Existe un episodio poco conocido en los viajes que Sherlock Holmes realizó durante el Gran Hiato y casi me resisto a narrarlo, pero admiradores fanáticos de los fascinantes títulos de los relatos nunca escritos me han aconsejado que lo haga. El detective, cuando se encontraba frente a la gruta a la que le condujo su guía, sufrió el mal de altura y fue acometido por fuertes vértigos y extraños sueños relacionados con teoremas, pero su poderosa constitución hizo que se recuperase con extraordinaria rapidez y dio gracias a la Providencia por haber tomado buena nota de todo lo que vio y de la entrevista que mantuvo con el «maestro» de los cinco «metohkangmi» que estaban a su cuidado.
Cuando se recuperó del todo, atravesó Persia y de allí emprendió viaje a La Meca, donde recogió por fin las valiosas agendas de Burton, que no harían más que confirmar sus propias experiencias, y terminó visitando al califa, que entonces se encontraba en Omdurman. Después del largo periplo, se dispuso a regresar a Europa con la satisfacción de haber cumplido todos sus objetivos.

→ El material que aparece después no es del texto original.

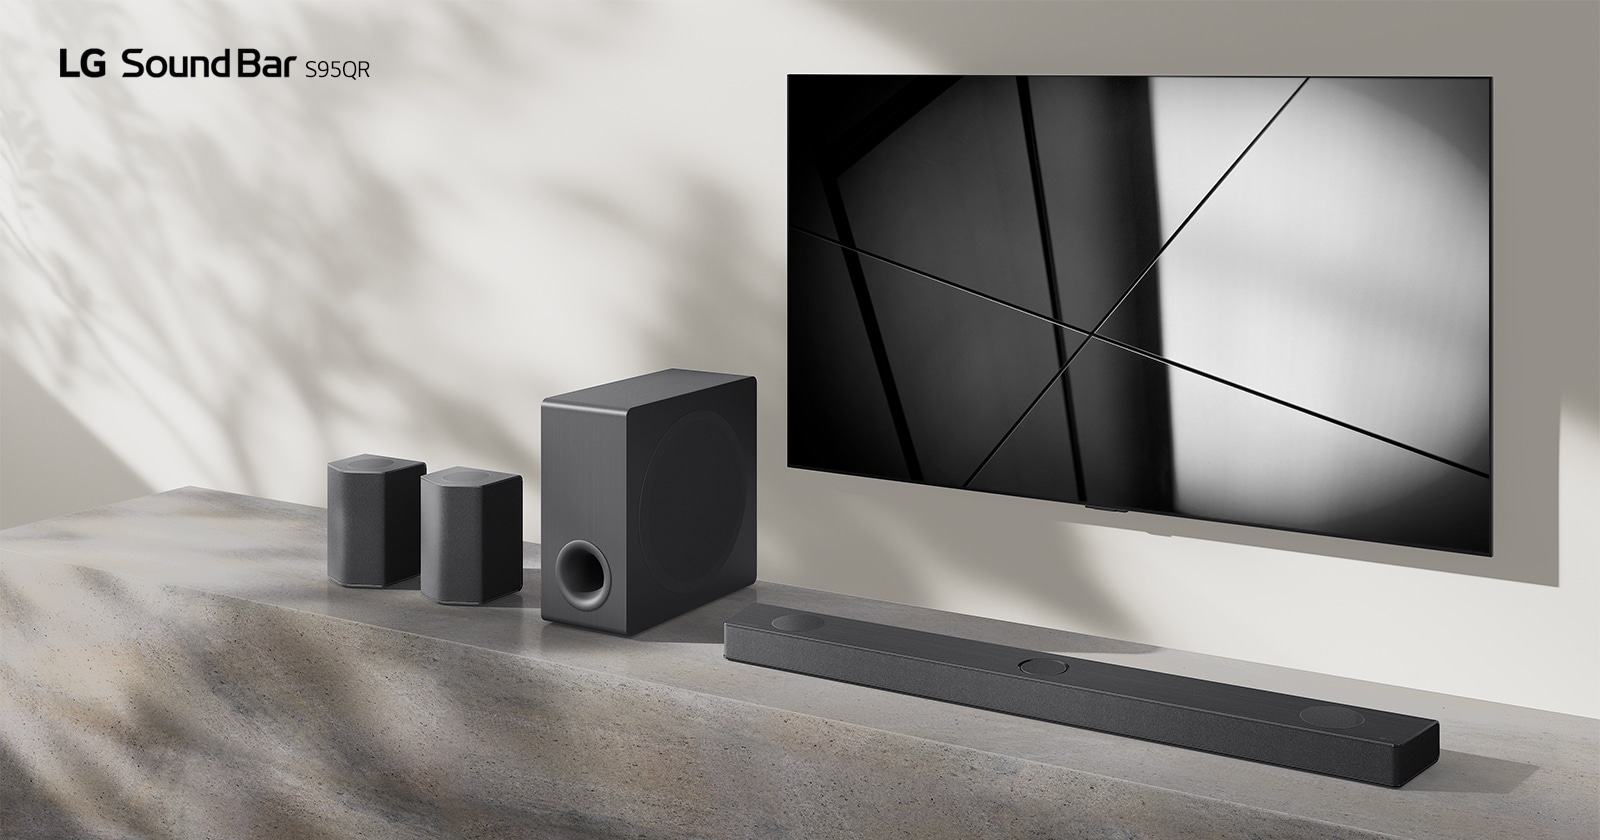 Саундбар LG S95QR и телевизор LG расположены вместе в гостиной. Телевизор включен, показывает черно-белое изображение.

Una vez en Francia lo primero que hizo fue recopilar los periódicos atrasados para ponerse al día de los acontecimientos que más le interesaban. Supo de la consternación que se produjo entre los lectores del Strand Magazine por su posible muerte en las cataratas Reichenbach, también se enteró de la muerte del honorable Ronald Adair, segundo hijo del conde de Maynooth, por aquel entonces gobernador de una de las colonias australianas de Su Majestad.
Se trataba de un crimen de puerta cerrada, pero el asesino tenía que haber efectuado un certero disparo desde las casas de enfrente. La noche anterior Ronald Adair estuvo jugando en el club Bagatelle con sir John Ardy, el señor Murray y el famoso cazador Sebastian Moran. Sin duda alguna, allí estaba la respuesta. El rifle de aire comprimido había vuelto a vomitar su mortífera carga. Este triste suceso le hizo abandonar Montpellier y viajó a Londres de inmediato para darle a Watson el mayor susto y a la vez la mayor alegría de su vida.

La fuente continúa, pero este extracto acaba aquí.